İşin kolay yanıdır, bir olayda karşındakini suçlamak. Olay ne olursa olsun hep sen haklısındır. Karşındaki seni anlamamış, yaptıklarının kıymetini bilmemiş, hatta tek tavırla seni sırtından vurmuştur. Ne geçmişte yapılanların nede senin için verdiği mücadelenin hiçbir önemi kalmamıştır. Yanlış insana güvenmiş, onca yılını heba etmişsindir. Tek çırpıda karşındakini karalamış, o insanı defterden silmişsindir. Bu kimi zaman bir dost, kimi zaman bir eş, kimi zaman bir kardeştir. Kimi zaman da bir sevdiceğindir.
Oysa herkes tabir yerindeyse malını tanır. Karşısındaki kişinin ne olduğunu bilir. Sadece egolarımızı yenemeyip bekletilerimiz yerine gelmediği için insanları çizeriz. Asla kendimizde kusur bulmayız. Biz Türkler empatiyi asla sevmeyiz. Oysa dinimizin gereği değilmidir hoşgörü…

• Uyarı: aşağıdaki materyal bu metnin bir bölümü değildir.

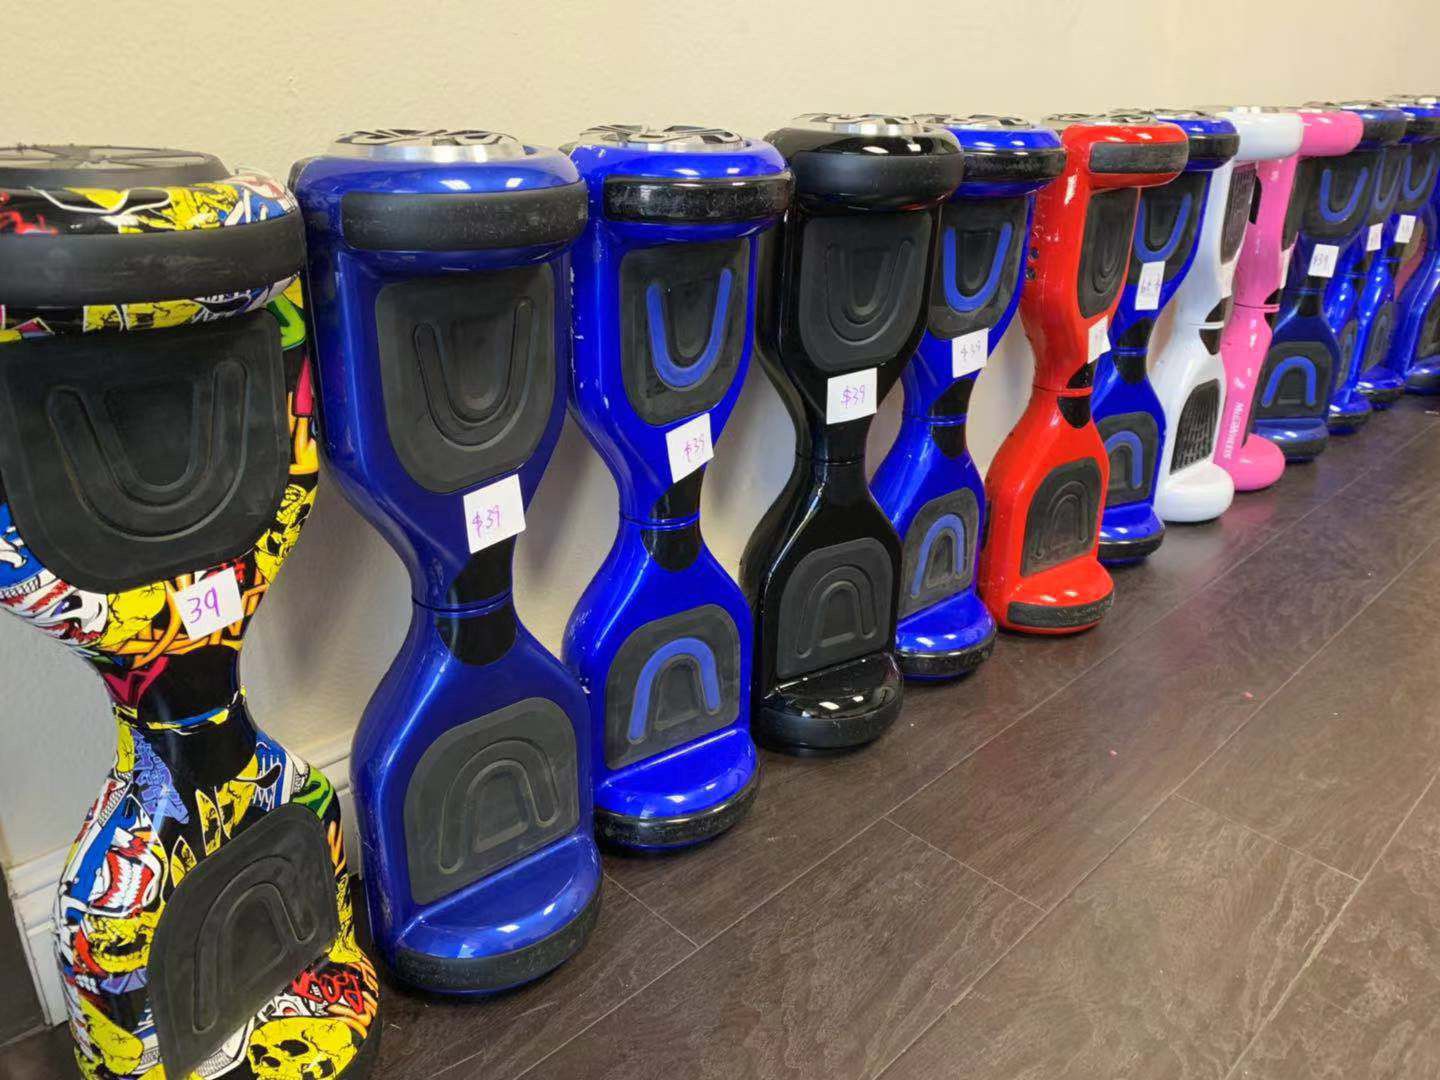 Cheap hoverboards with led lights perfect working condition factory clearance price sale

Hayatımızın hiçbir evresinde karşımızdakinin duygularını önemsemeyiz. Zira bizim hislerimiz daha önemlidir. Yaptığımız her iyilikte mutlaka karşılık bekleriz. O benim düğünüme gelmedi, bende gitmen mantığını güderiz. Dostlarımızın hatasını ararız ve bize yapılan en küçük hatayı deve yapıp insanları kategorize ederiz.

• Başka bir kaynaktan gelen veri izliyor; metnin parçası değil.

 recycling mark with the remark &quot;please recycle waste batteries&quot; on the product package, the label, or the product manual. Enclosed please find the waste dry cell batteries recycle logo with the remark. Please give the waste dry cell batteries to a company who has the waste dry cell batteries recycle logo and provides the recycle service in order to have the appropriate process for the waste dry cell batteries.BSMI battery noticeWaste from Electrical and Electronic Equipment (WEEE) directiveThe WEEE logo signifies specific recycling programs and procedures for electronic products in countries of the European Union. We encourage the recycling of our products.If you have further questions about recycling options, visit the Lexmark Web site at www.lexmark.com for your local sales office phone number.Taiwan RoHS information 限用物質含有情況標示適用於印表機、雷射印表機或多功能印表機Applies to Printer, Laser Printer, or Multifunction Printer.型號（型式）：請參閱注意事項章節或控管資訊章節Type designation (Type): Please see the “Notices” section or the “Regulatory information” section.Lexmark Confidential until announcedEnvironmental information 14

Bunları niye mi yazıyorum. Gerek sosyal paylaşım sitelerinde, gerekse ikili sohbetlerde insanların son günlerde tek konusu bu. Herkes o kadar iyiki, sanırsınız melek. Dünya da bir onlar mükemmel, suçladıkları insanlar hep ihanet şebekesi.
Elbette hepimiz bu kargaşa dünyasında ciddi hatalar yapabiliriz. Birilerini kırarız, incitiriz. Ama hatamızı telafi etmek için uğraşmıyor ve kendimizi sorgulamıyorsak hatanın kralını yapmış oluyoruz.
Herkeste garip bir kibir, ben olma duygusu ve saçma bir gurur var. Bu yapı Doğu’da biraz daha fazla. Önce kendimize kartondan bir kahraman yaratıyor, sonra o kahramana gaz veriyoruz. Bir gün geliyor o kahramanı alaşağı ediyoruz. Bunu niye yapıyoruz? Dürüstlüğün meziyet sayıldığı günümüzde o kıymetli sahabeler kalksa “bunlar nasıl Müslüman “diyecek. Hele bu vatan için şehit düşen ecdadımızın neler düşüneceğini hiç hesaba katmıyorum.
Konunun özü şudur ki, kimse kimseden üstün değildir. Kimse bu şartlarda masum değildir. Para kimseyi adam yapmaz, ?parasız insan gereksiz insan’ hiç değildir. Kişileri görüntüleri değil, karakterleri sevdirir. Dünya hor görmekle değil, hoş görmekle geçer.
Menfaatlerin tavan yaptığı günümüzde kimse kimseye ne yardır, nede dost. Herkes kalbini bilir.
Çok güvendiğin dostuna bir kez sert yap, bakalım seni bir daha arayacak mı? Ego denen o duyguyu yenemediğimiz sürece, bizi biz yapan değerimiz hiçbir zaman olmayacak. Herkes herkesi üç lira için satacak. Satamayan insanlar tedavülden kalkacak.
Aile kavramının bile her geçen gün çürüyüp gittiği bu şehirde kardeş kavgası yaşanırken, elin adamından ne bekler insan. Bildiğim bir gerçek var ki ?tek hatalı benim nefsimdir’ diğerlerini bilmem. İnsanları severim, çok da güvenirim. Biri yanlış çıksa da mutlaka biri doğru insandır. Yaşanan her acıyı tecrübe diye görüp, canını yakan her kişinin hain olmadığına inanmak hayatı daha yaşanır hale getirecektir. Gurur denen o saçma düşünceyi bırakmadıkça ne bir insana çare oluruz, nede gelecek nesillere örnek.